• Data under study:
+ + + + + + +

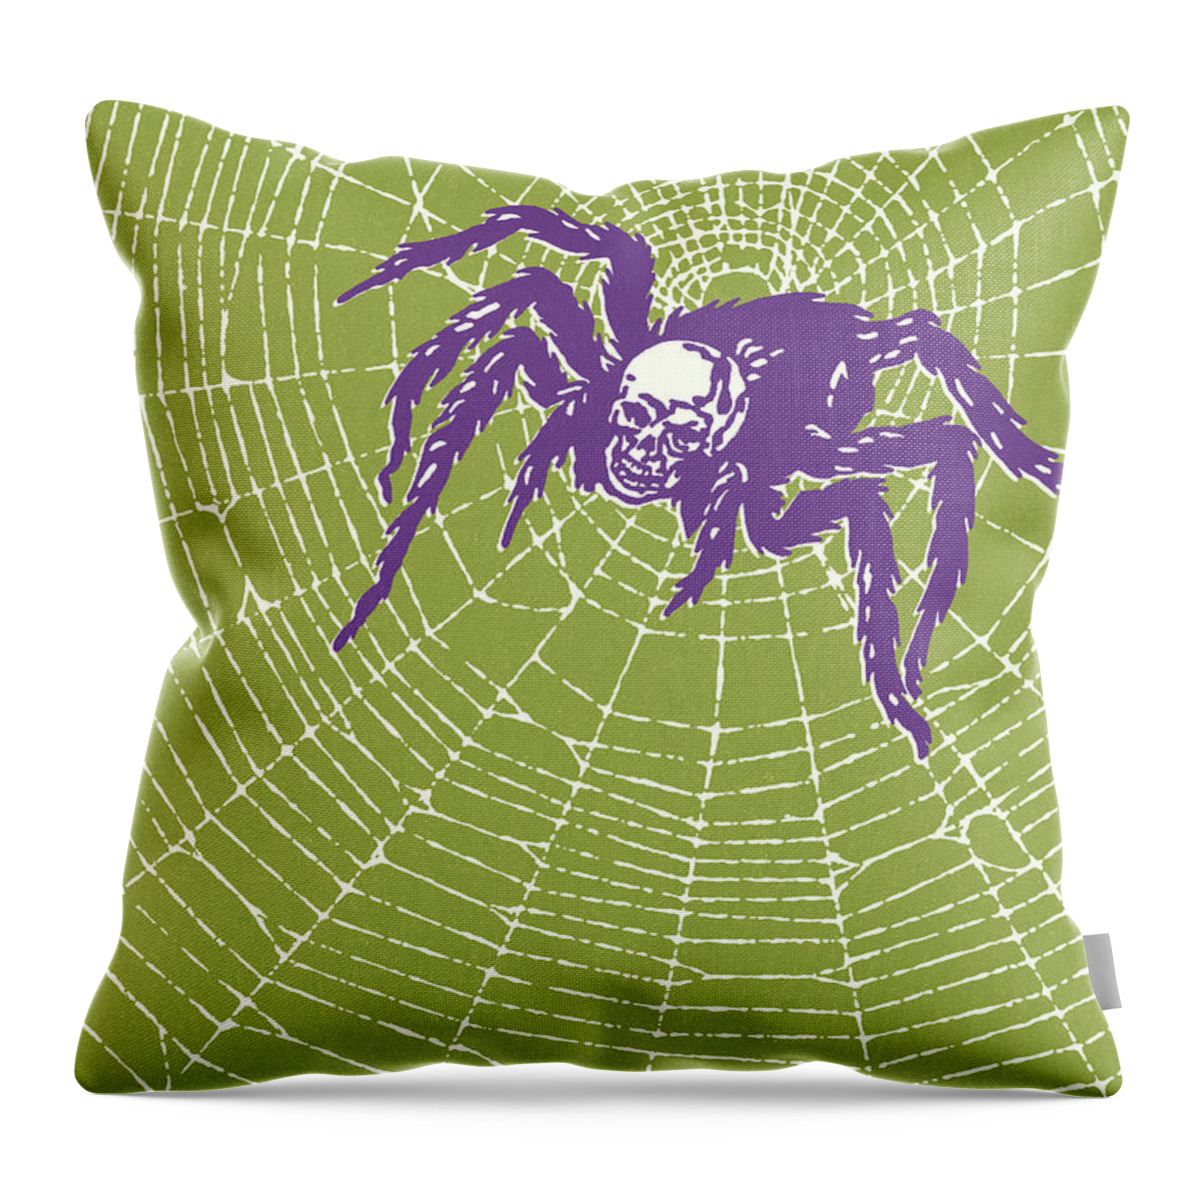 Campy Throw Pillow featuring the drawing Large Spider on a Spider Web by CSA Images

+ + + + + + +

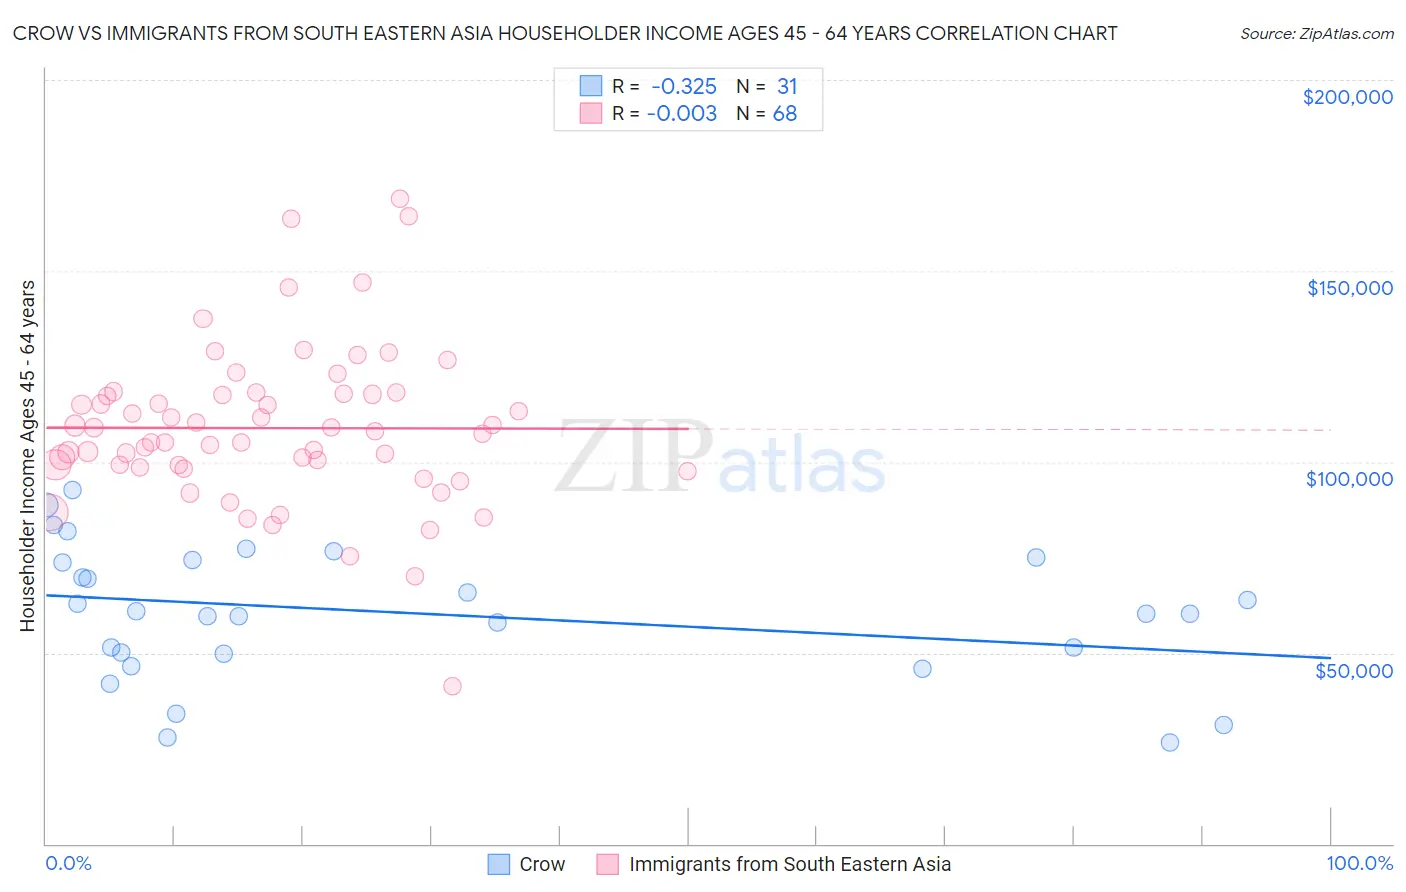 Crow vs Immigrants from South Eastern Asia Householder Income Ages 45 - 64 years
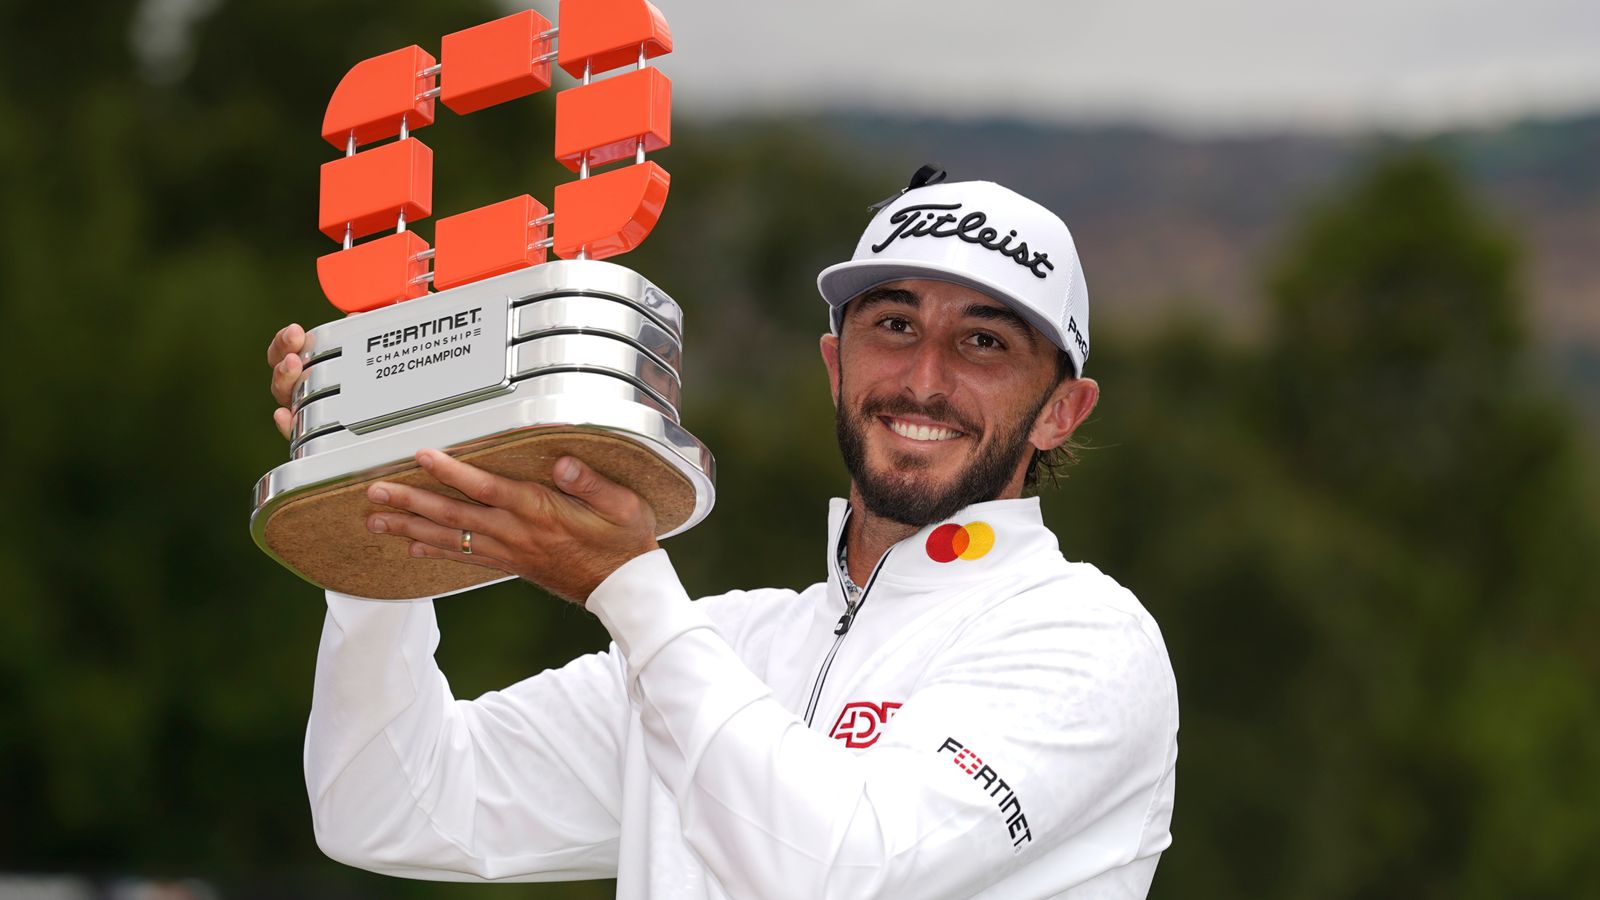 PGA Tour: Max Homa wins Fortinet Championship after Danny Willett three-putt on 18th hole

+ + + + + + +

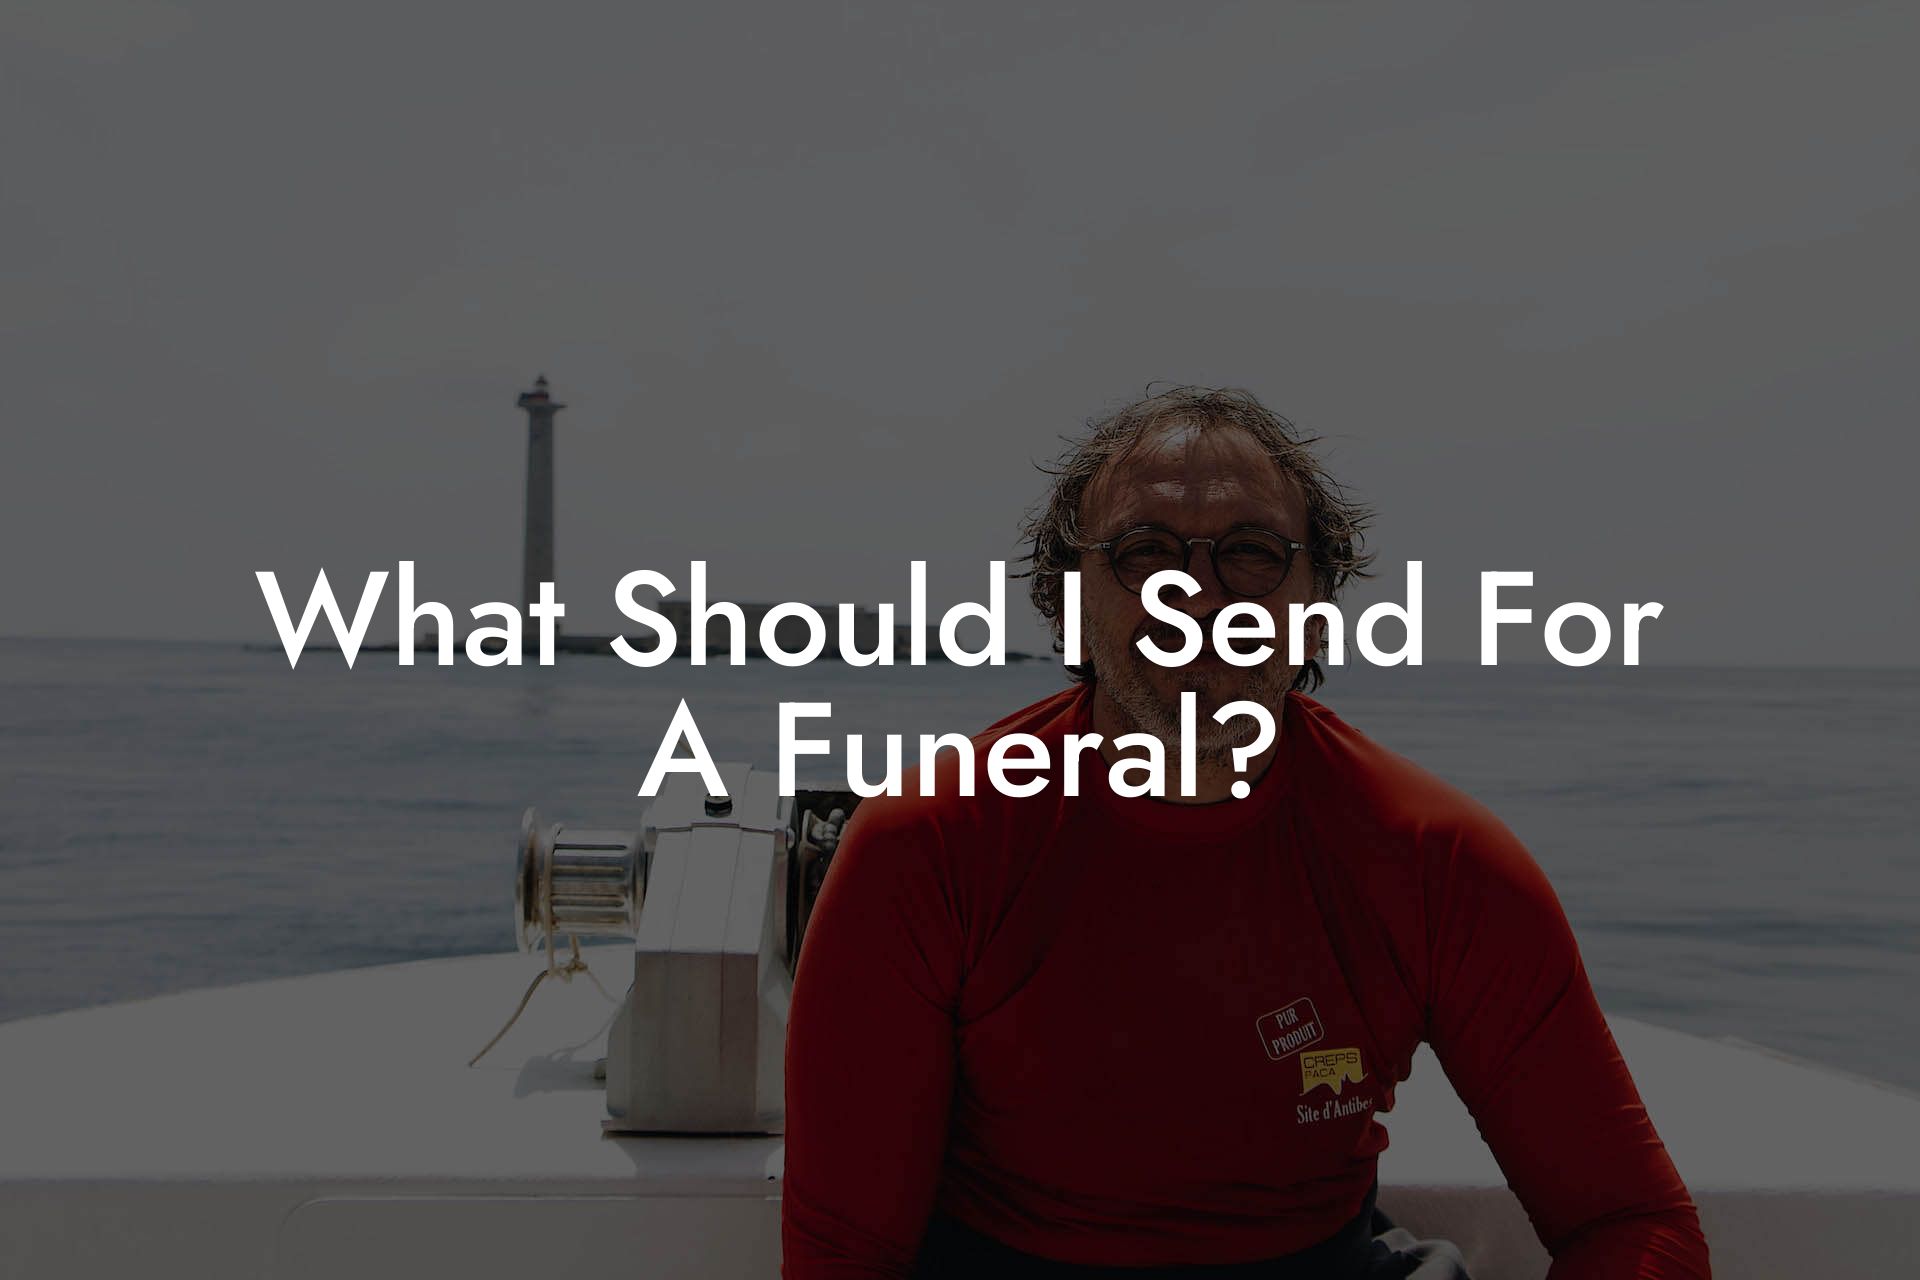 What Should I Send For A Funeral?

+ + + + + + +

• Assigned task: Your reply is to be an exact repeat of the listing above from the line holding "Crow vs Immigrants" down to the line holding "PGA Tour: Max", ends included, pictures excluded.

• Task result:
 Crow vs Immigrants from South Eastern Asia Householder Income Ages 45 - 64 years
 PGA Tour: Max Homa wins Fortinet Championship after Danny Willett three-putt on 18th hole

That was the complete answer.